# Dynamic modulation of p53 activity by its disordered regulatory domains

> **NIH NIH R01** · SCRIPPS RESEARCH INSTITUTE, THE · 2021 · $414,512

## Abstract

Approximately 30% of the proteins in the human proteome are intrinsically disordered (IDPs) or contain
long disordered regions (IDRs). IDPs play a central role in key cellular regulatory pathways and are
implicated in devastating diseases such as cancer, diabetes, cardiovascular disease, and
neurodegenerative disease. Disordered proteins are highly flexible and undergo transient and dynamic
intramolecular and intermolecular interactions that are central to their regulatory functions. Molecular
level characterization of the numerous human regulatory proteins that contain both structured and
disordered domains represents an enormous challenge to the traditional methods of structural biology.
Most studies to date have relied upon a reductionist approach, in which the ordered and disordered
regions are investigated in isolation. However, within the cell, the different domains of a given protein act
synergistically to allow it to perform its biological function and a full understanding of the underlying
molecular mechanism can only be achieved through a holistic, rather than reductionist, approach. The
overarching goal of this proposal is to utilize a non-reductionist approach to characterize the structural
ensemble and dynamics of the full-length tumor suppressor p53, which contains both globular and
disordered domains.

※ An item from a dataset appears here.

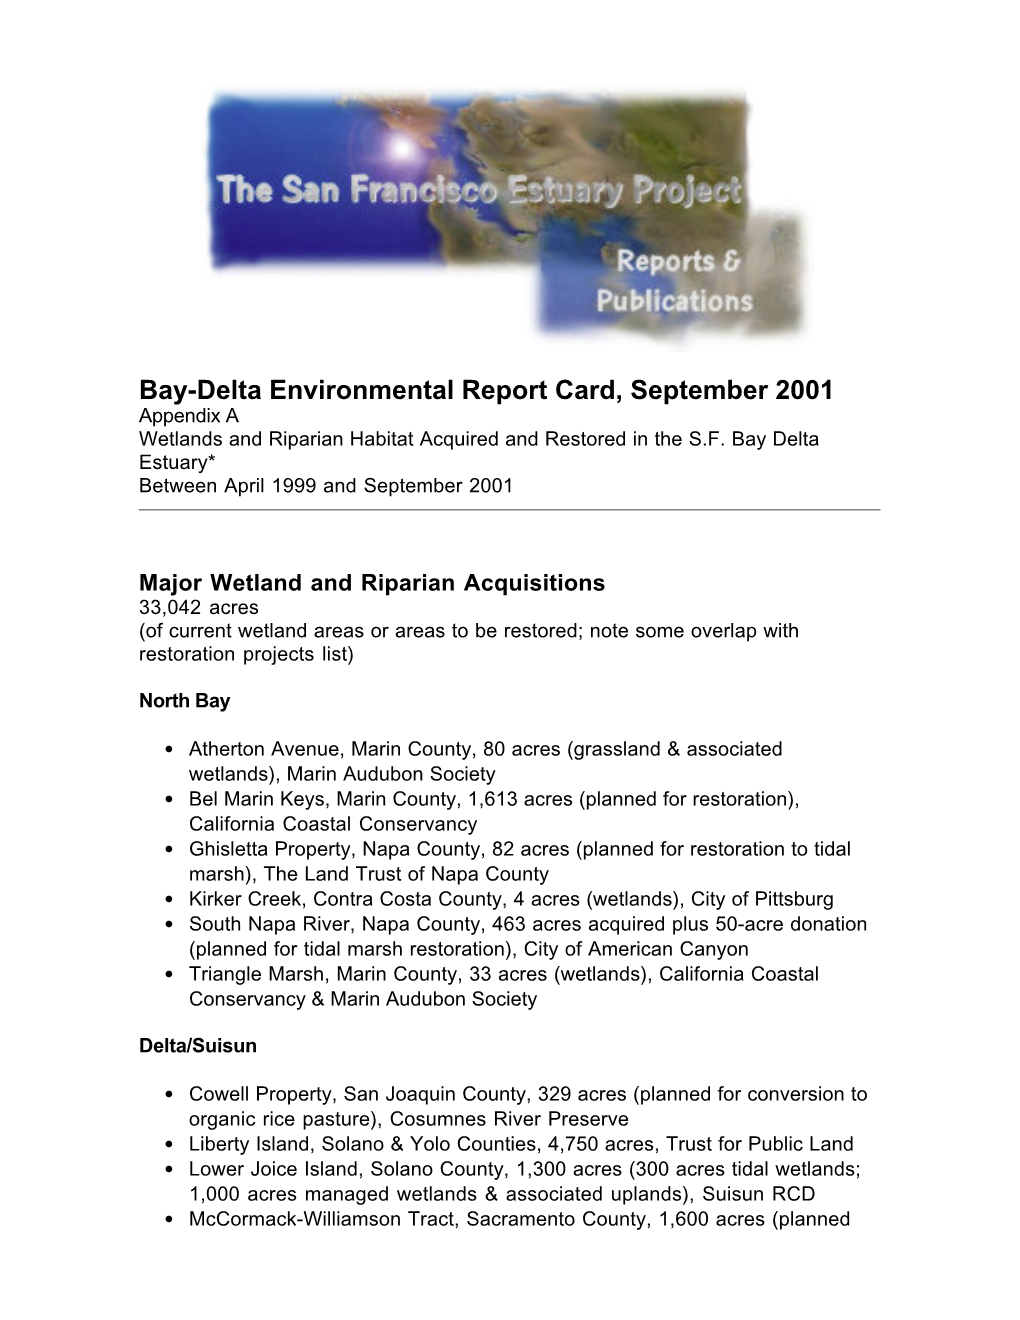 Bay-Delta Environmental Report Card, September 2001 Appendix a Wetlands and Riparian Habitat Acquired and Restored in the S.F

An innovative, intein-based segmental isotope labeling strategy and advanced NMR
methods will be utilized to characterize the conformational ensemble and dynamics of full-length p53,
both free and in its complexes with specific and non-specific DNA targets. The disordered N- and C-
terminal regions of p53 regulate DNA binding through dynamic intramolecular and intermolecular
interactions that are modulated by constitutive and stress-induced posttranslational modifications. This
research will provide new molecular level insights into the mechanisms by which this important tumor
suppressor is dynamically regulated by the cascade of phosphorylation and acetylation that is triggered
by genotoxic stress.

## Key facts

- **NIH application ID:** 10124404
- **Project number:** 5R01GM075995-16
- **Recipient organization:** SCRIPPS RESEARCH INSTITUTE, THE
- **Principal Investigator:** PETER Edwin WRIGHT
- **Activity code:** R01 (R01, R21, SBIR, etc.)
- **Funding institute:** NIH
- **Fiscal year:** 2021
- **Award amount:** $414,512
- **Award type:** 5
- **Project period:** 2006-04-01 → 2023-03-31

## Primary source

NIH RePORTER: https://reporter.nih.gov/project-details/10124404

## Citation

> US National Institutes of Health, RePORTER application 10124404, Dynamic modulation of p53 activity by its disordered regulatory domains (5R01GM075995-16). Retrieved via AI Analytics 2026-05-23 from https://api.ai-analytics.org/grant/nih/10124404. Licensed CC0.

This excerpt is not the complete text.